Maharaja of Tripura
- Reign: 1725–1729
- Predecessor: Dharma Manikya II
- Successor: Dharma Manikya II
- Died: 1729
- Issue: Balaram Manikya; Rama Chandra;
- House: Manikya dynasty
- Father: Vijaya Narayan (grandson of Chhatra Manikya)
- Religion: Hinduism

= Jagat Manikya =

Jagat Manikya, pre-reign name Jogotroy, was the Bengali-backed ruler of Roshnabad, which had been until then part of the Kingdom of Tripura from 1732.

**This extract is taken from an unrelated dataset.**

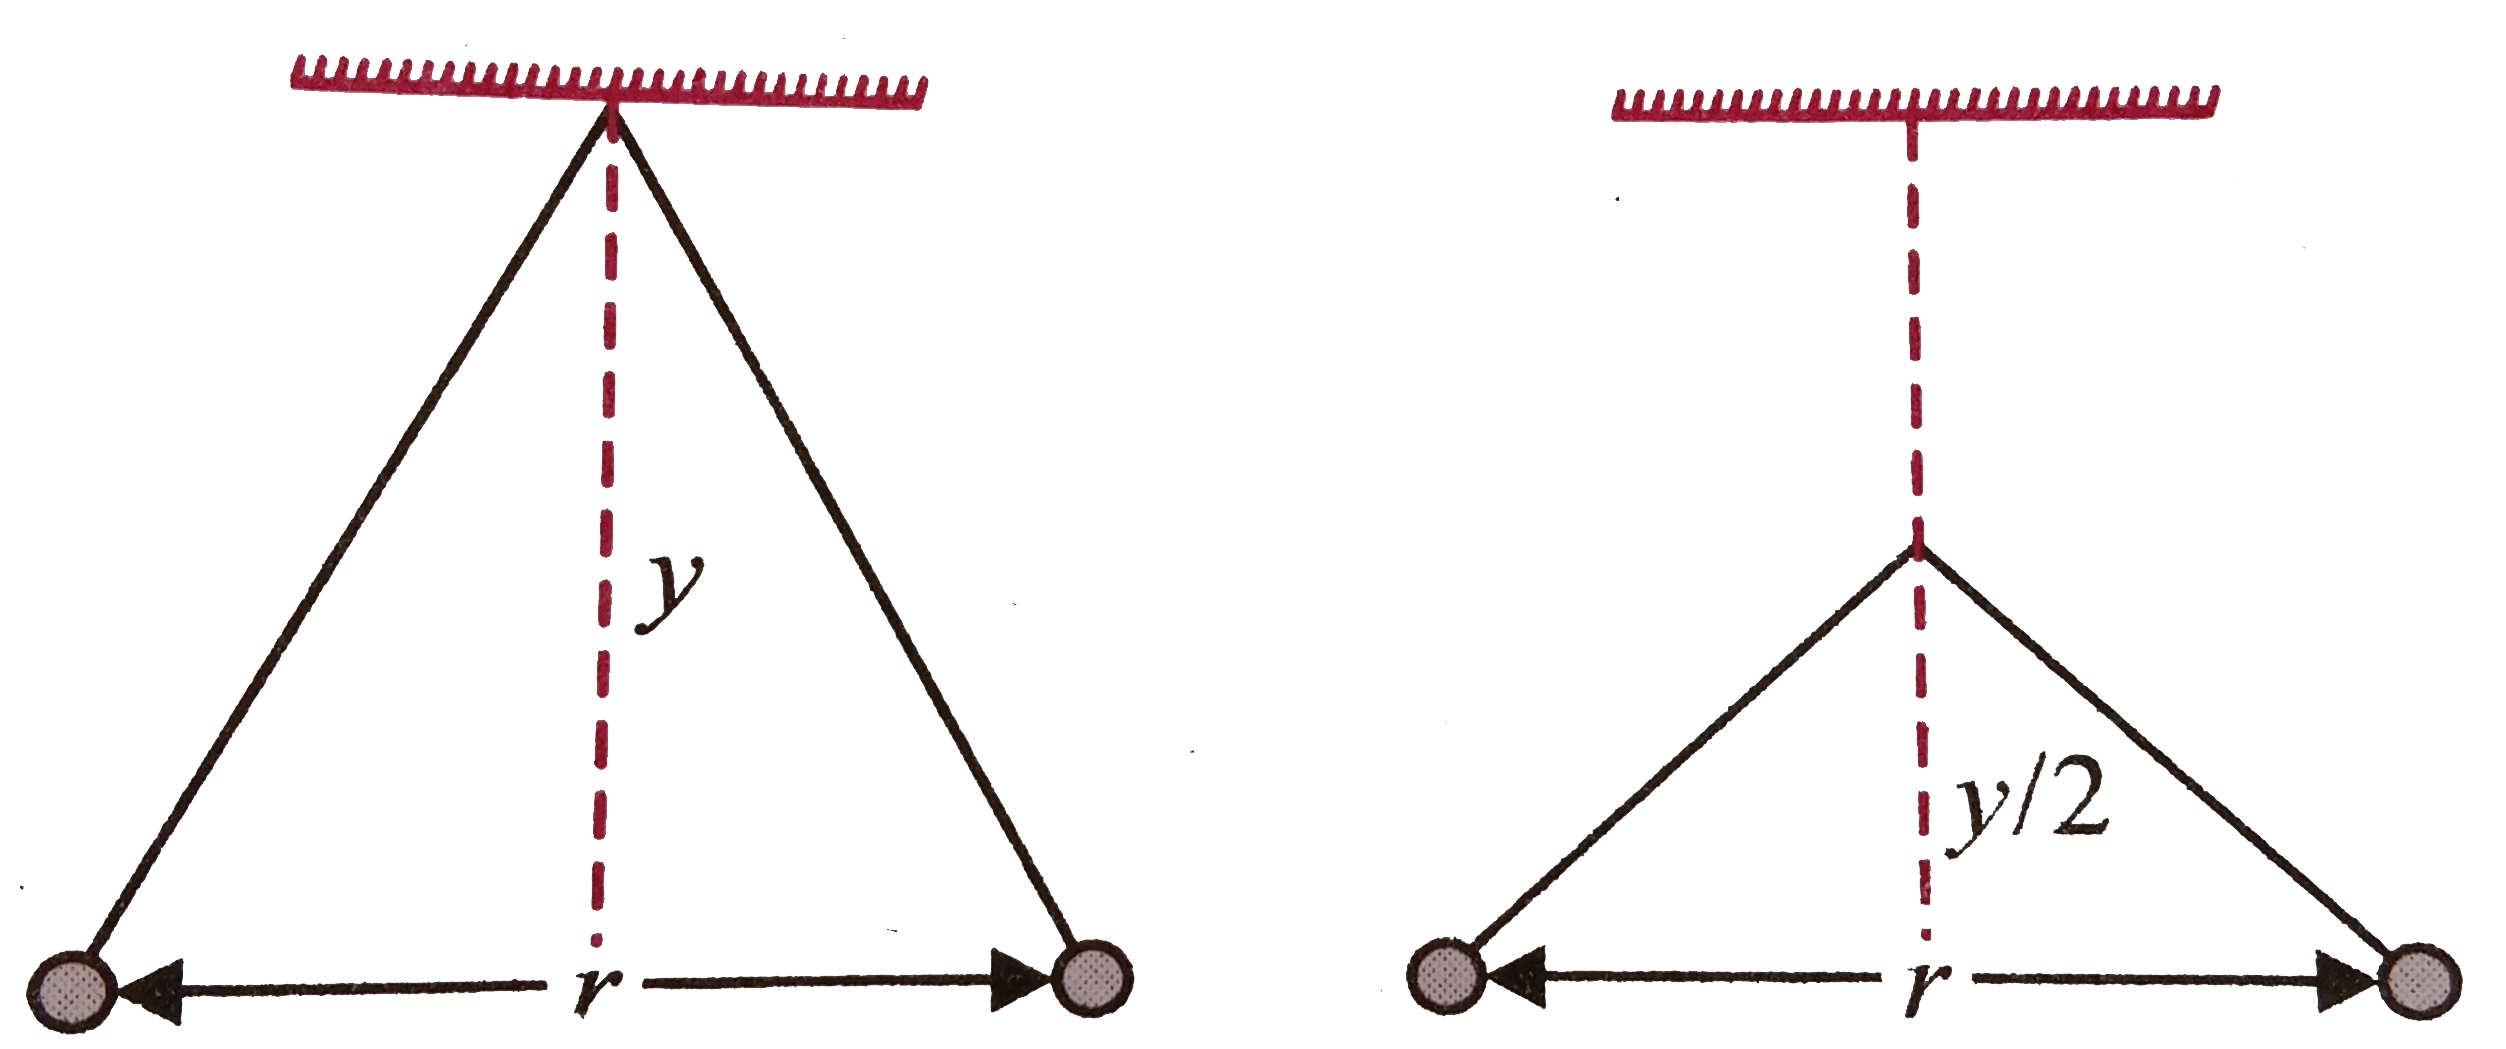 Two path  balls carrying equal charges are suspended  from a common point by strings  of equal  length, the strings  are rightly clamped  at half the height. The equilibrium separation between the balls, now becomes :

In that year Jogotroy decided that he wanted to be the ruler instead of his relative Dharma Manikya. He went to Bengal and recruited to sub-agents of the Nawab of Bengal Shuja-ud-Din Muhammad Khan to aid him in his plans. These were Mir Habid, Dewan of Newabat, and Aqua Sadique, Zamindar of Baladakhan. They led an armed force in attack on Udaipur. In a battle as they approached the city Kamal Narayana, the principal leader of Dharma Manikya's forces was killed and Dharma Manikya and his supporters fled into the Tripura Hill Country. Jogotroy then assumed the reign name of Jagat Manikya and was able to impose his rule as a vassal of the Nawab of Bengal over much of modern Sylhet, Mymensingh. He ruled out of Roshnabad (Greater Comilla).

==Sources==
- Bidhas Kanti Kilikhar. Tripura of the Eighteenth Century with Samsher Gazi Against Feudalism: A Historical Study. Chhapakuthi, Agartula: Tripura State Tribal Cultural Research Institute and Museum, 1995.